Difference between KFold with shuffle=True and ShuffleSplit?

echidne · 30 June 2021 15:01

Hi everyone,
I’m wondering the difference beetween the use of KFold(shuffle=True) and ShuffleSplit() to shuffle the data.
I did try to replace KFold(shuffle=True) by ShuffleSplit() in the exercice M6.05 and I obtained the same parameters but with better R2 scores with the latter.

after Kfold :
mean R2 score = 0.839 +/- 0.006

after ShuffleSplit(n_splits =5 , random_state=0):
mean R2 score = 0.850 +/- 0.009

after ShuffleSplit(n_splits =5 , test_size=.25, random_state=0):
mean R2 score = 0.844 +/- 0.007

So what is the difference beetween both and could we use ShuffleSplit() here?

glemaitre58 · 30 June 2021 18:00

KFold(shuffle=True) will shuffle the rows of the dataset and then split into k disjoint partitions.
ShuffleSplit(n_splits=5) is different: we shuffle the data and pick 25% (with a uniform sampling) for the test.

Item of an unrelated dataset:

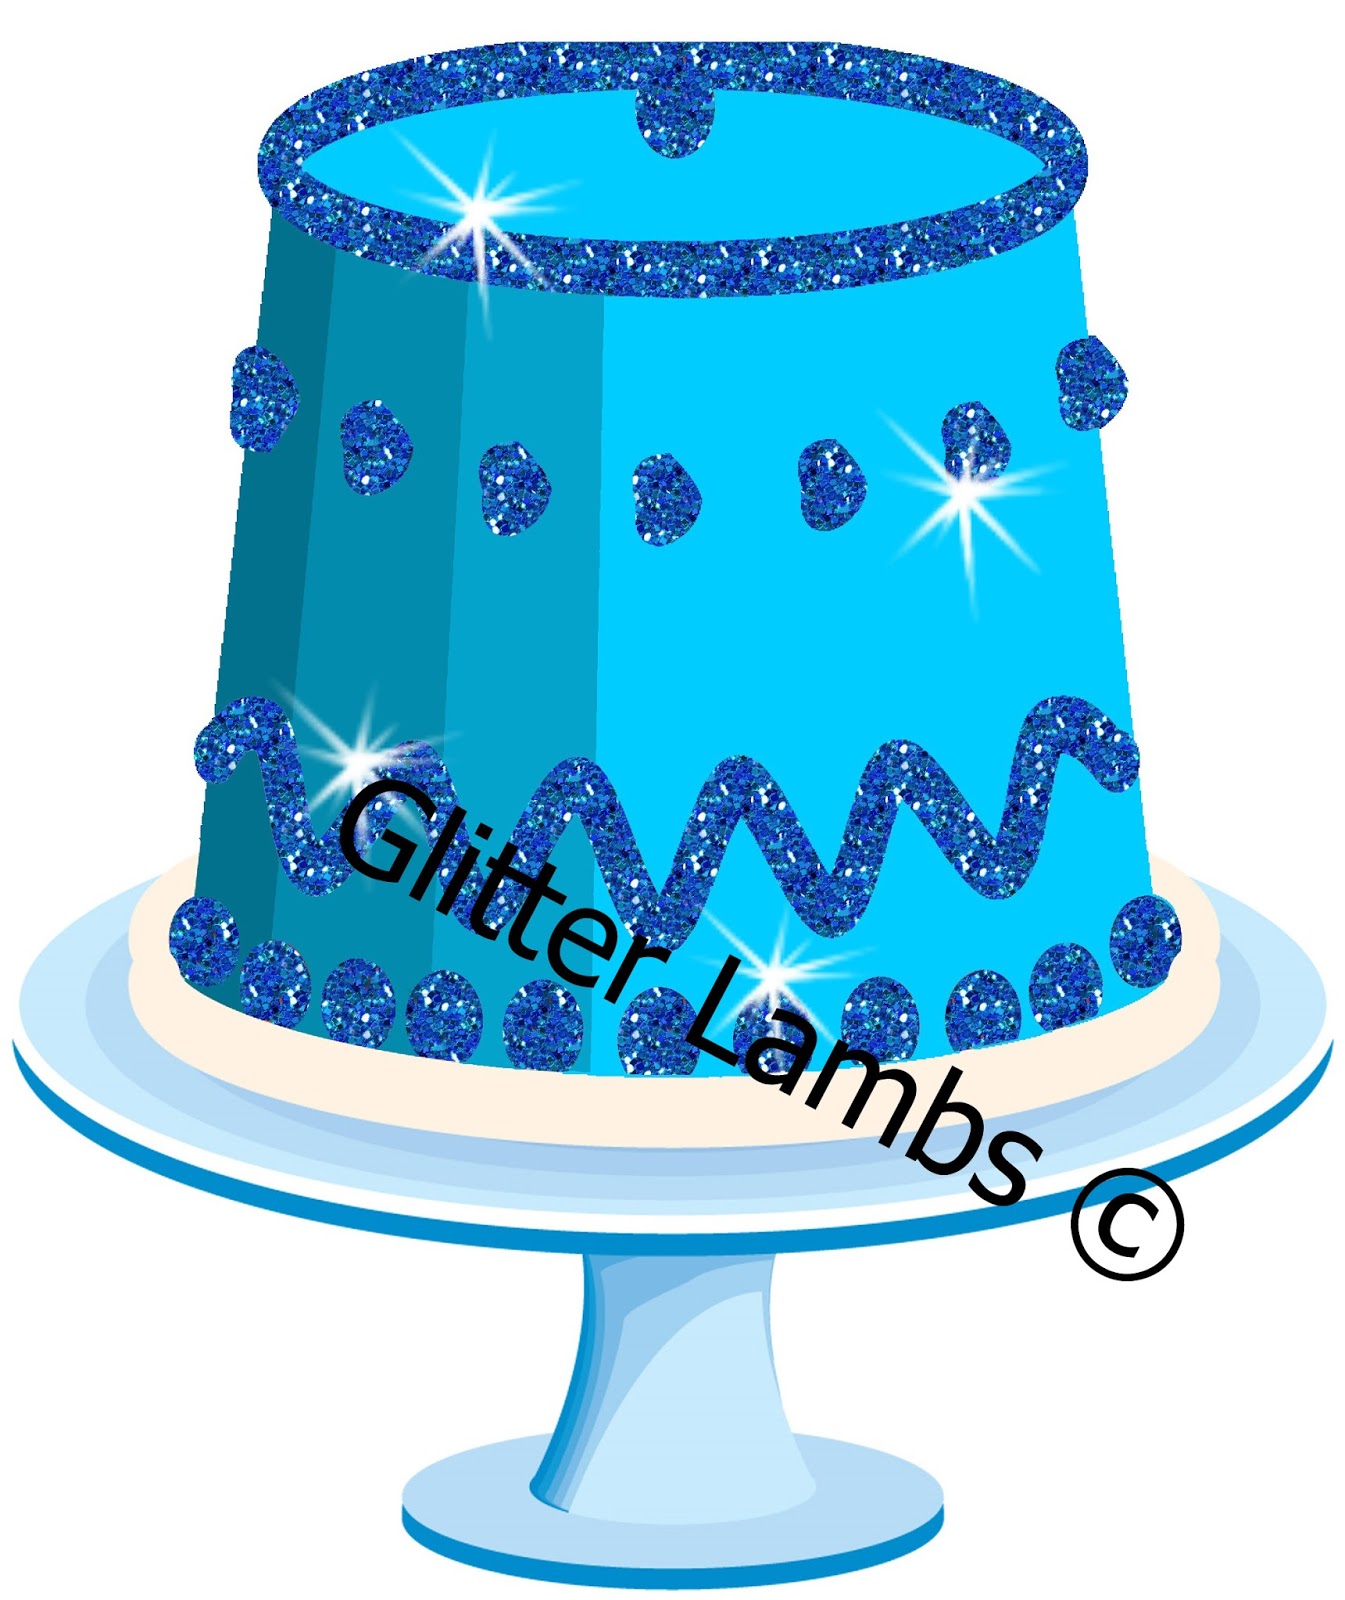 Blue Glitter Birthday Party Cake Clipart Illustration Digital Graphic

We repeat x5 the shuffling + sampling. Thus, in this case, the different tests set are not necessarily disjoint: a sample can be picked several times in the test set.

It could explain why you might get a better score with ShuffleSplit and it could also be linked with some underlying structure of the dataset.

glemaitre58 · 30 June 2021 18:02

Regarding the structure of the dataset, we present mote into details some of these aspects in the Module 7 “choice of cross-validation”.

echidne · 30 June 2021 18:53

I get the difference beetween KFold and ShuffleSplit, but in that precise case is KFold more recommended than ShuffleSplit ?

I have another question: we see in the graph for the KFold shuffled data that none of the parameters reached the mean R2 score of the model. How it is possible? (I probably missed something in the ensemble methods)

glemaitre58 · 30 June 2021 19:17

I don’t think that ShuffleSplit is more appropriate. I even think that one should use more splits when using ShuffleSplit compare to the KFold. The fact that the test samples could be selected several time could be an issue.

I think that it might be due to some dataset structure (that I am not aware of ). At the end of the grid-search, we refit the best_estimator_ on the full training set. It means that the score estimates obtained during the cross-validation are indeed not anymore a good estimate for the performance of `best_estimator_.

The fact that this is not the case with the ShuffleSplit makes me think that there is an underlying structure in the dataset.

echidne · 1 July 2021 08:37

All clear